§ 02 research

Themes

Six threads of work across hardware, software, and the systems that connect them — with a strong bias toward making ML cheaper and more durable on power-constrained substrates.

§ 01 theme

Energy-Harvesting & Intermittent Computing

Devices powered by ambient energy — solar, RF, vibration — operate intermittently. Conventional ML pipelines assume reliable power; the real world doesn't cooperate.

My work re-architects the entire stack: training procedures that bake intermittency into the optimizer, schedulers that handle partial computations, accelerators that adapt their shape to available power, and communication co-design that minimizes what gets sent off the node at all.

representative papers

Revisiting DNN Training for Intermittently-Powered EH Micro-Computers ICLR 2025
Synergistic and Efficient Edge-Host Communication for EH-WSNs arXiv 2024
Seeker: Synergizing Mobile and EH Wearable Sensors for HAR arXiv 2022
Origin: Enabling On-Device Intelligence for HAR using EH-WSNs DATE 2021
ResiRCA: Resilient Energy Harvesting ReRAM-based Accelerator HPCA 2020

projects

NExUME → Seeker → Origin →

§ 02 theme

Computational Storage for ML

When the model is small relative to the dataset, the bottleneck isn't compute — it's the I/O. Computational storage moves work into the storage device itself, so encrypted, compressed, redundant data never has to cross the host bus before it's useful.

I build FPGA-accelerated CSDs that handle near-data compression, encryption, and redundancy for continuous-learning edge servers and parallel query pipelines.

representative papers

Salient Store: Smart Storage for Continuous-Learning Edge Servers PACT 2025
CORD: Parallelizing Query Processing across Multiple Computational Storage Devices IPDPS 2025

projects

Salient Store →

§ 03 theme

Sustainable Edge Servers

A solar-powered edge server that doesn't need a battery is an architecture problem first and a power problem second. The accelerator has to morph as power fluctuates; the training procedure has to keep something useful happening even when the panel goes quiet.

Closely related work on retrieval-augmented generation pipelines for edge devices explores the same question for inference.

representative papers

Usás: A Sustainable Continuous-Learning Framework for Edge Servers HPCA 2024
MaestroRAG: Orchestrated Pipeline Architecture for Efficient RAG on Edge Devices Under Review 2025

projects

Usás →

§ 04 theme

Efficient ML Inference & Serving

Whether the constraint is a public-cloud SLO or a router's power envelope, inference serving is a multi-dimensional optimization problem.

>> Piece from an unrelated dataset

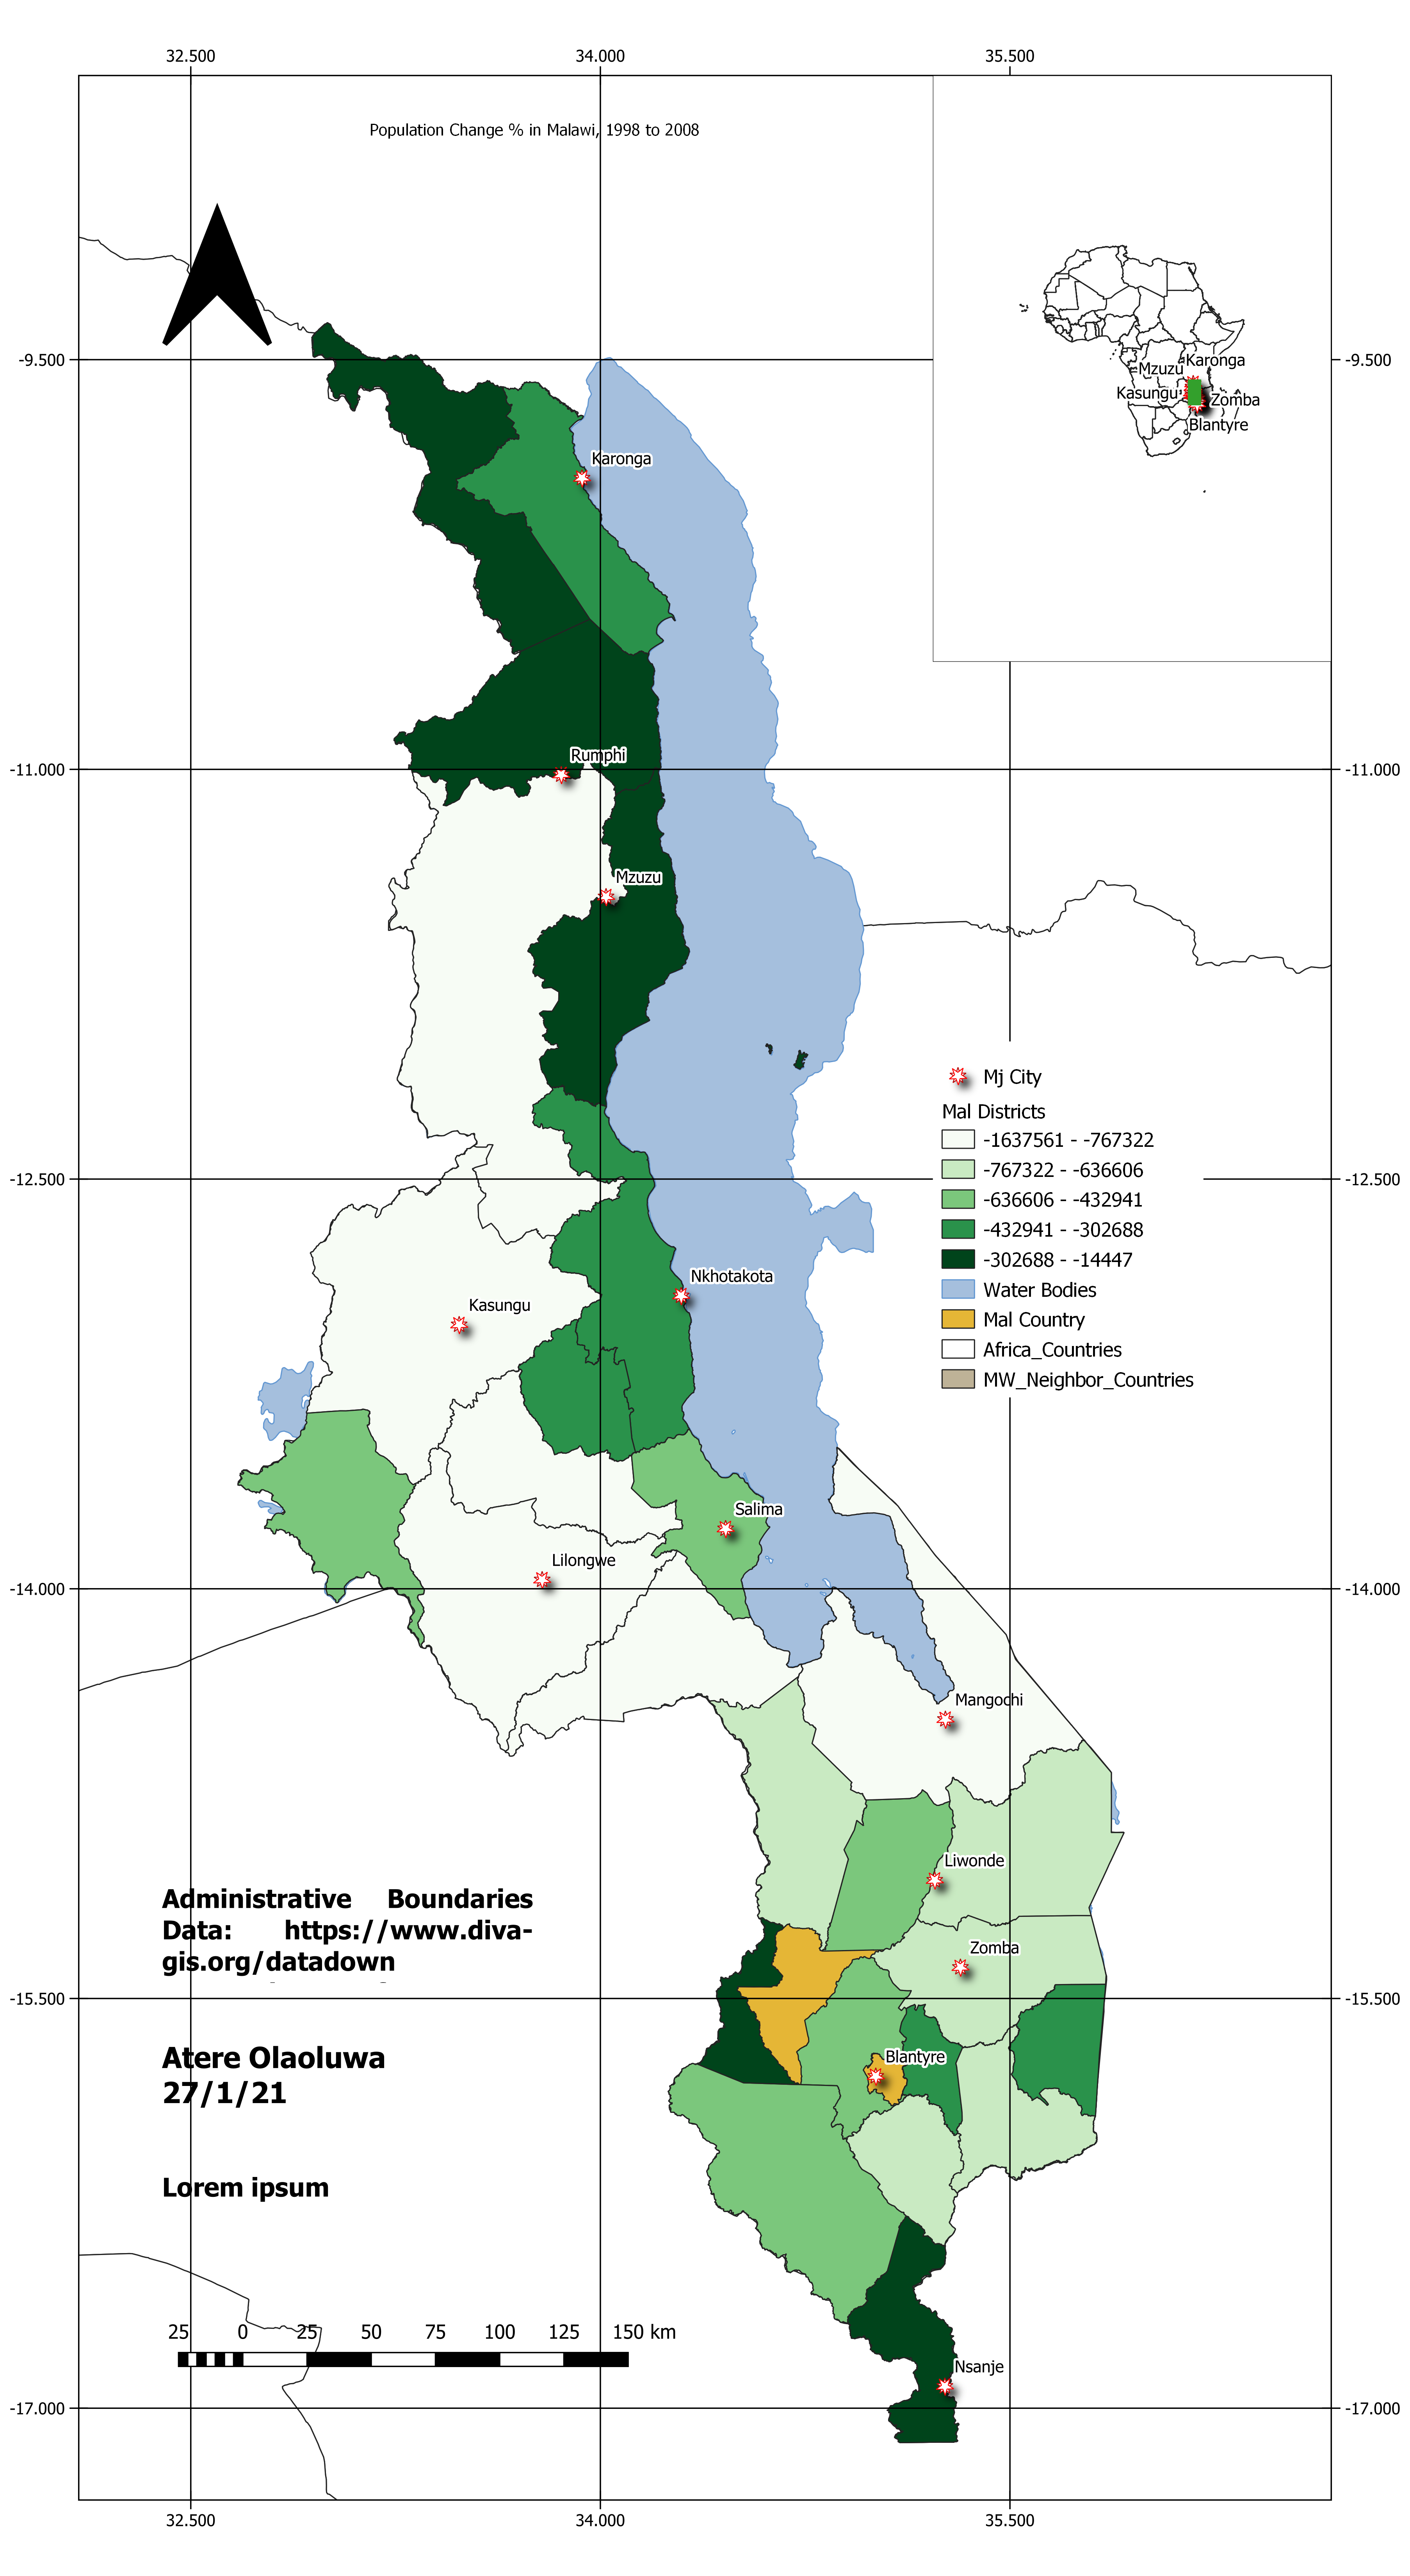 Population Change in Malawi

My contributions span ensemble-based serving in the cloud (Cocktail), serverless container provisioning for dynamic DAGs (Kraken), transfer-learning-based perf prediction (MLPP), and expert prediction for sparse mixture-of-experts inference (Prophet).

representative papers

Prophet: Neural Expert Prediction for Efficient MoE Inference Under Review 2025
Cocktail: Multidimensional Optimization for Model Serving in Cloud NSDI 2022
Kraken: Adaptive Container Provisioning for Dynamic DAGs in Serverless SoCC 2021
MLPP: Transfer Learning and Model Distillation for Predicting App Performance NAS 2021
Implications of Public Cloud Resource Heterogeneity for Inference Serving WoSC 2020

projects

Prophet →

§ 05 theme

Hardware Co-design for Specialized Compute

Domain-specific accelerators for AR/VR, point clouds, and ReRAM crossbars are where architecture meets perception. Spatio-temporal compute reuse for 360° VR streaming, octree-based point cloud compression at the edge, and analog-activation ReRAM neural network co-design are the venues where I've made the case that co-design beats general-purpose silicon for these workloads.

representative papers

Hardware-Aware NN Co-Design with Analog Activation for ReRAM Crossbars Under Review 2025
Pushing Point Cloud Compression to Edge MICRO 2022
Exploiting Frame Similarity for Efficient Inference on Edge Devices ICDCS 2022
HoloAR: On-the-fly Optimization of 3D Holographic Processing for AR MICRO 2021
Déjà view: Spatio-Temporal Compute Reuse for 360° VR Video Streaming ISCA 2020

§ 06 theme

SoC Performance & Power Modeling

My current work at Arm is on pre-silicon performance and power modeling for next-generation heterogeneous SoCs targeting Edge AI, IoT, and automotive workloads. The job is informing architectural trade-off decisions long before silicon exists — building analytical and empirical models, characterizing workloads, and integrating performance data into CI for regression detection.